▶ Information supplied:

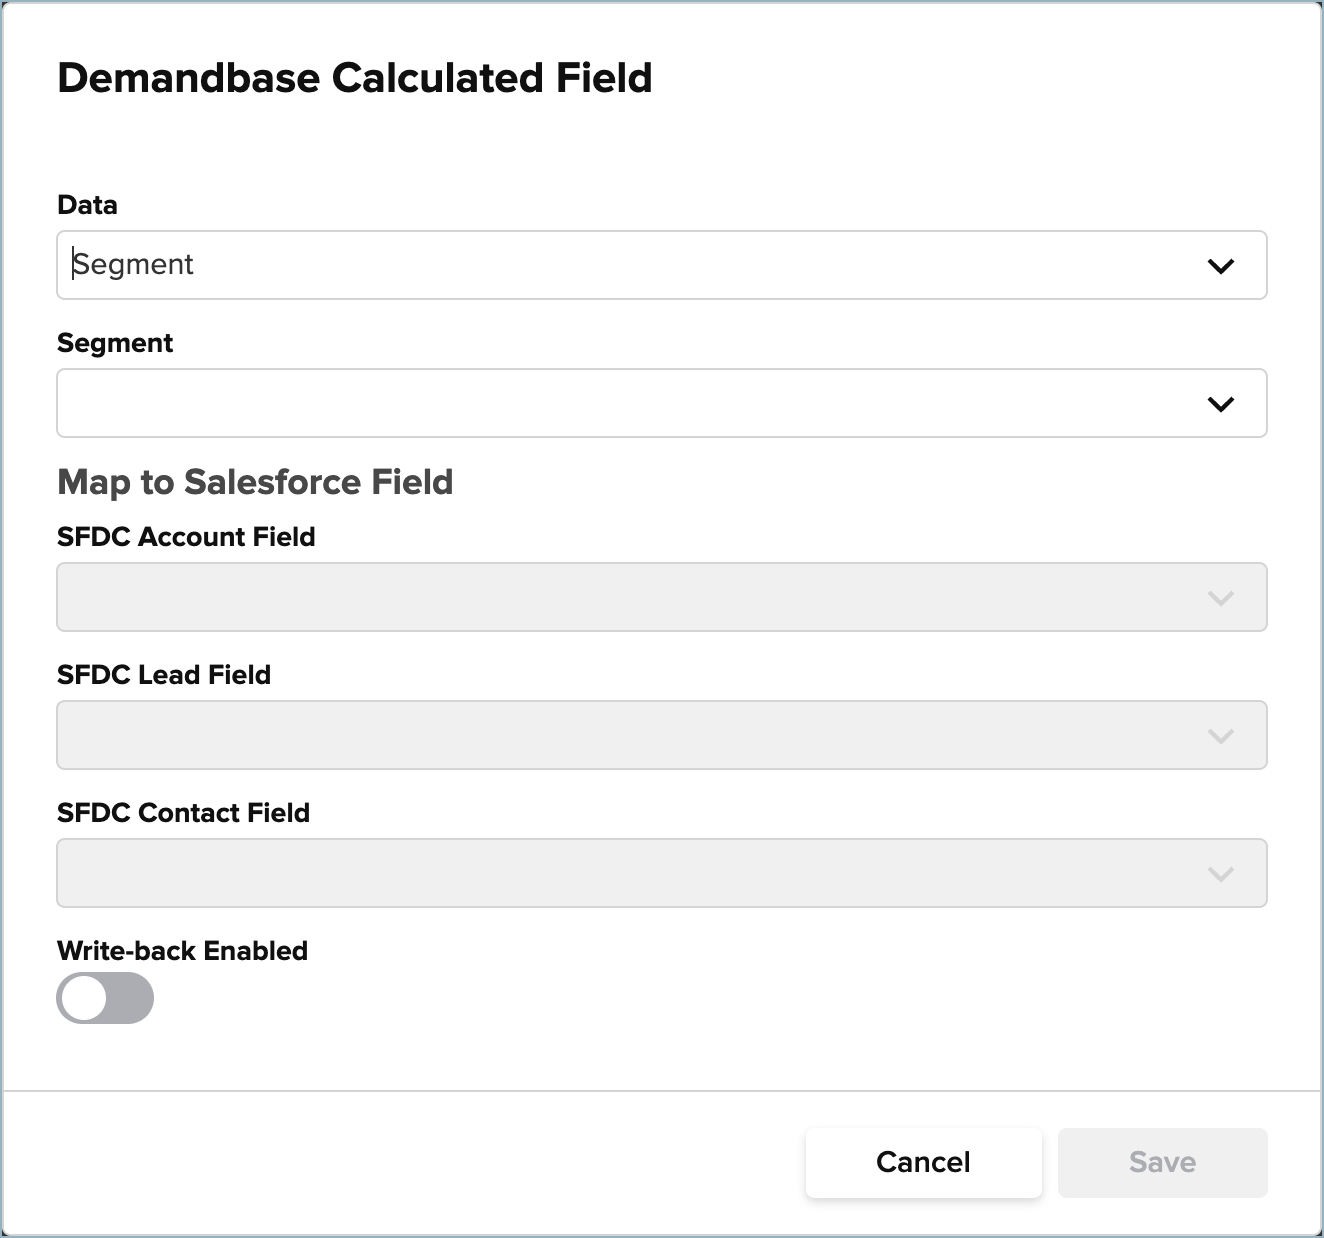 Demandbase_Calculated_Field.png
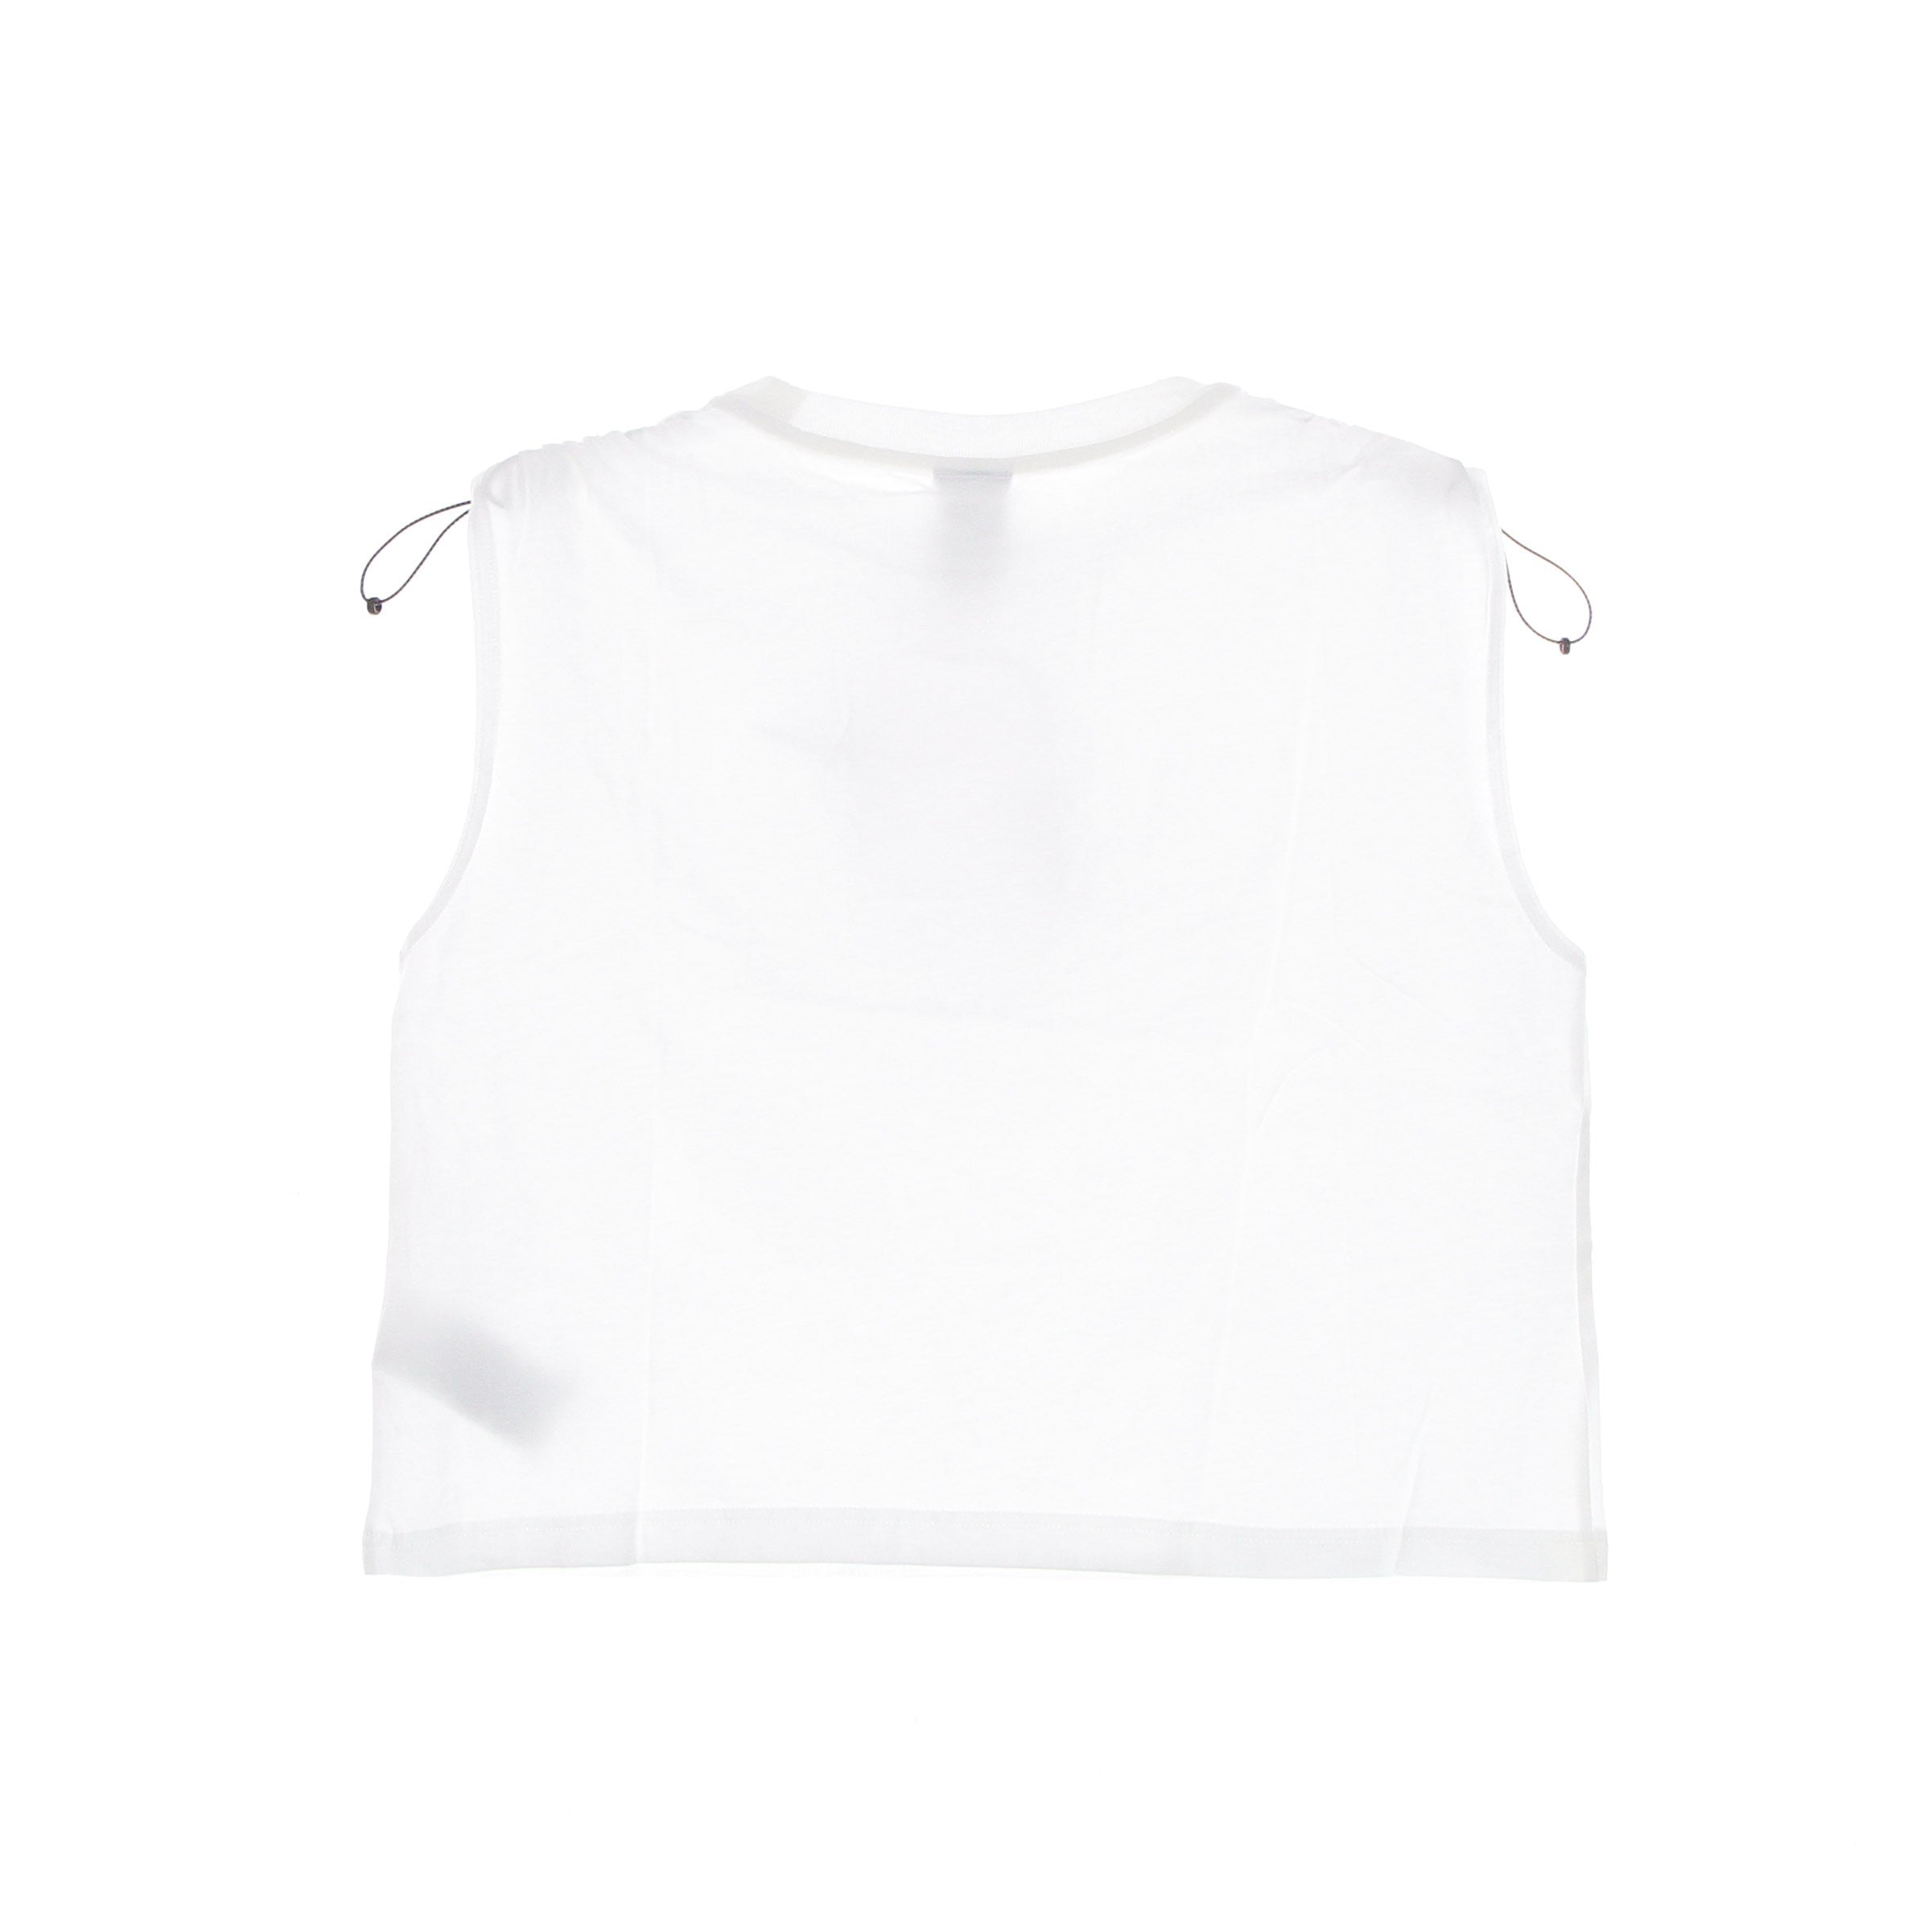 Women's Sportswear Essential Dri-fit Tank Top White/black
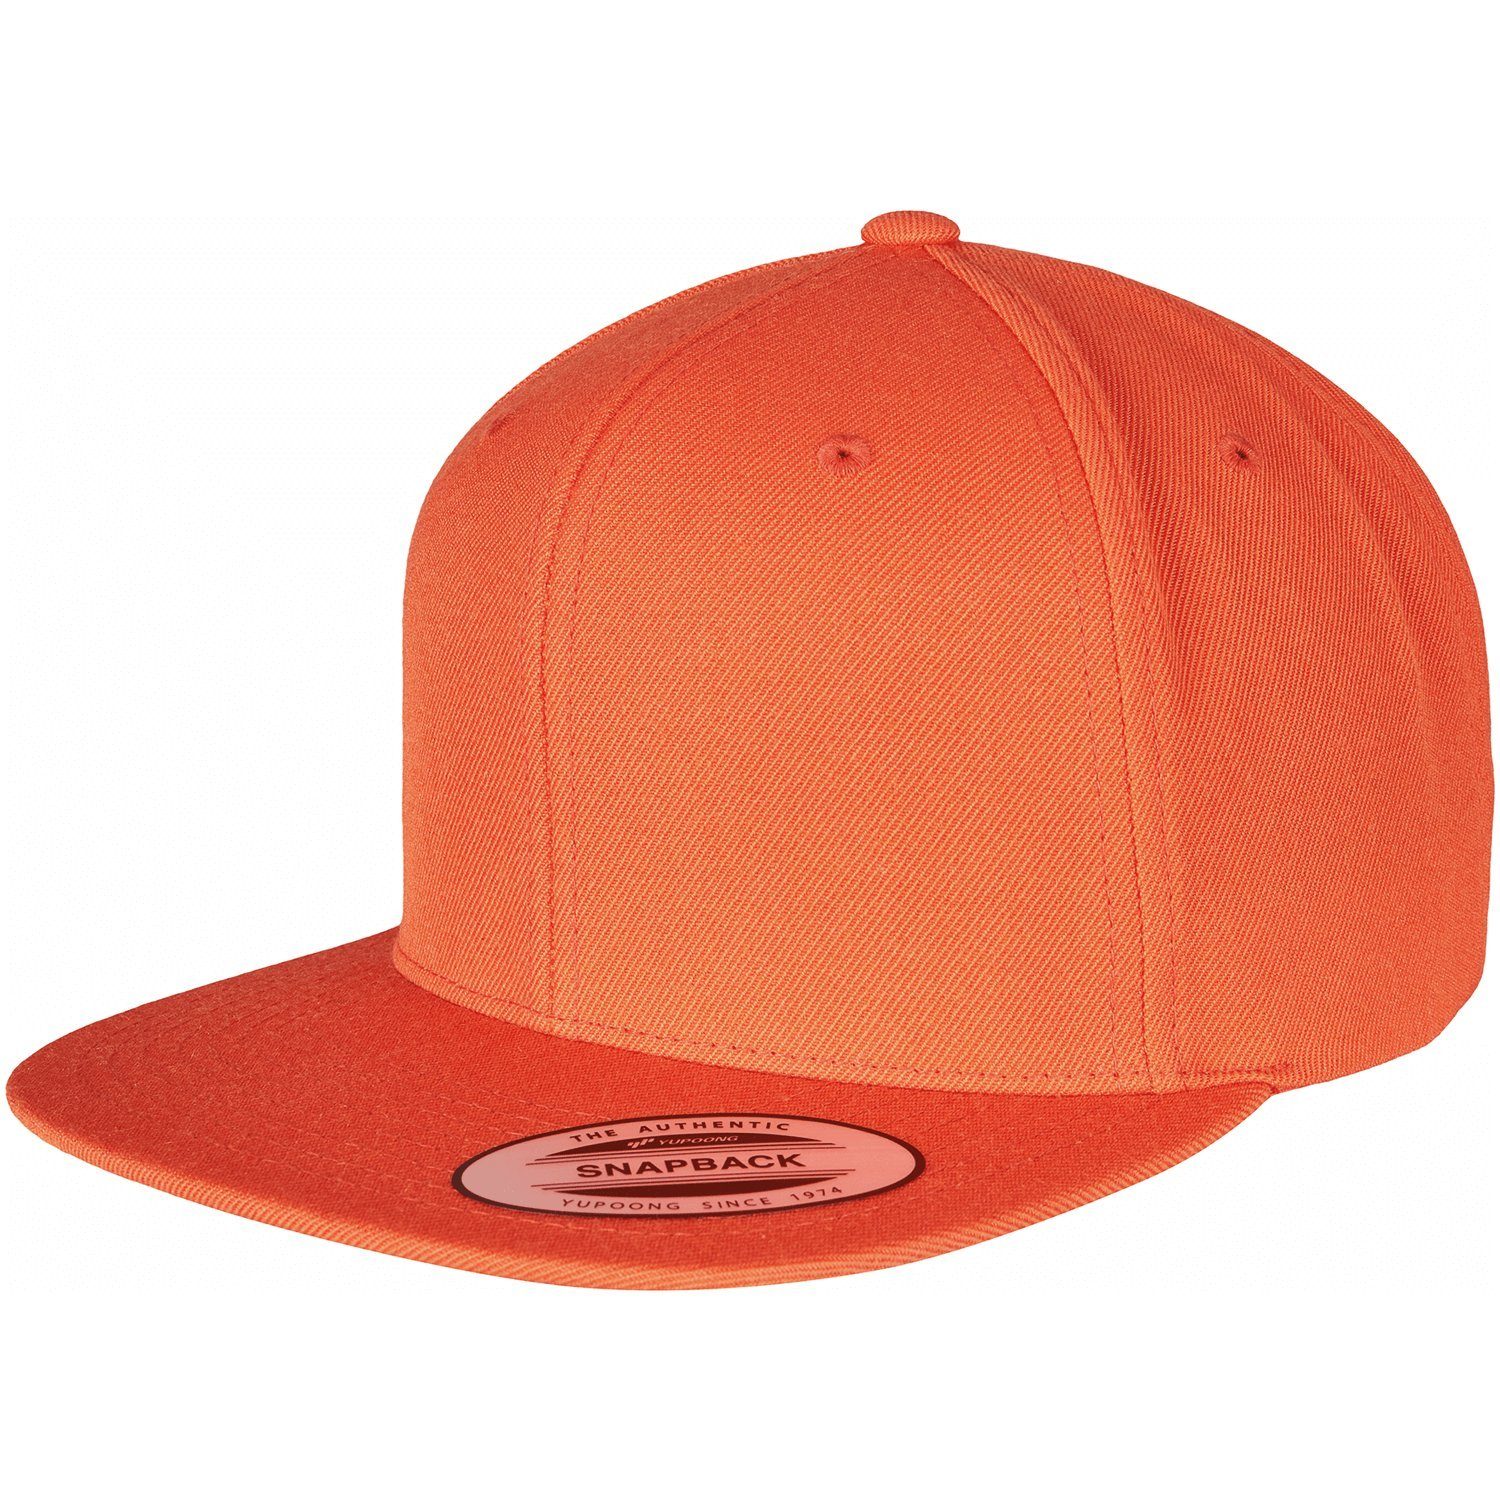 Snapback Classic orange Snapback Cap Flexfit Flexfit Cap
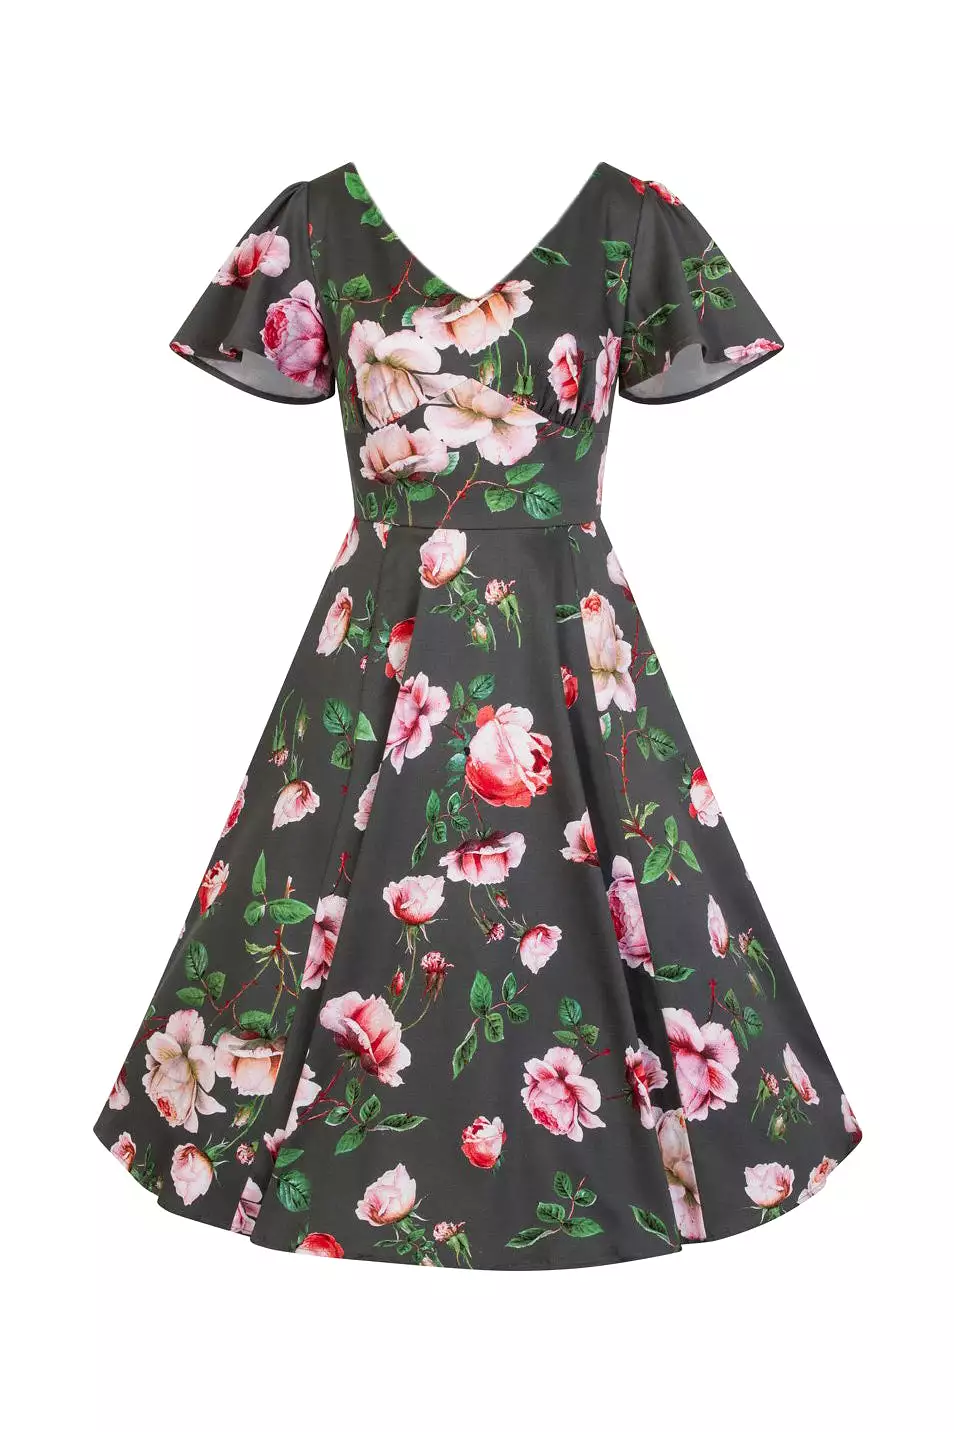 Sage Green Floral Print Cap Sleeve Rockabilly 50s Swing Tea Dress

▶ What this task involves: From the line containing "Snapback Classic orange" down to the final line of the listing above, write out only those lines exactly as they are, minus the pictures.

▶ Expected answer:
 Snapback Classic orange Snapback Cap Flexfit Flexfit Cap
 Sage Green Floral Print Cap Sleeve Rockabilly 50s Swing Tea Dress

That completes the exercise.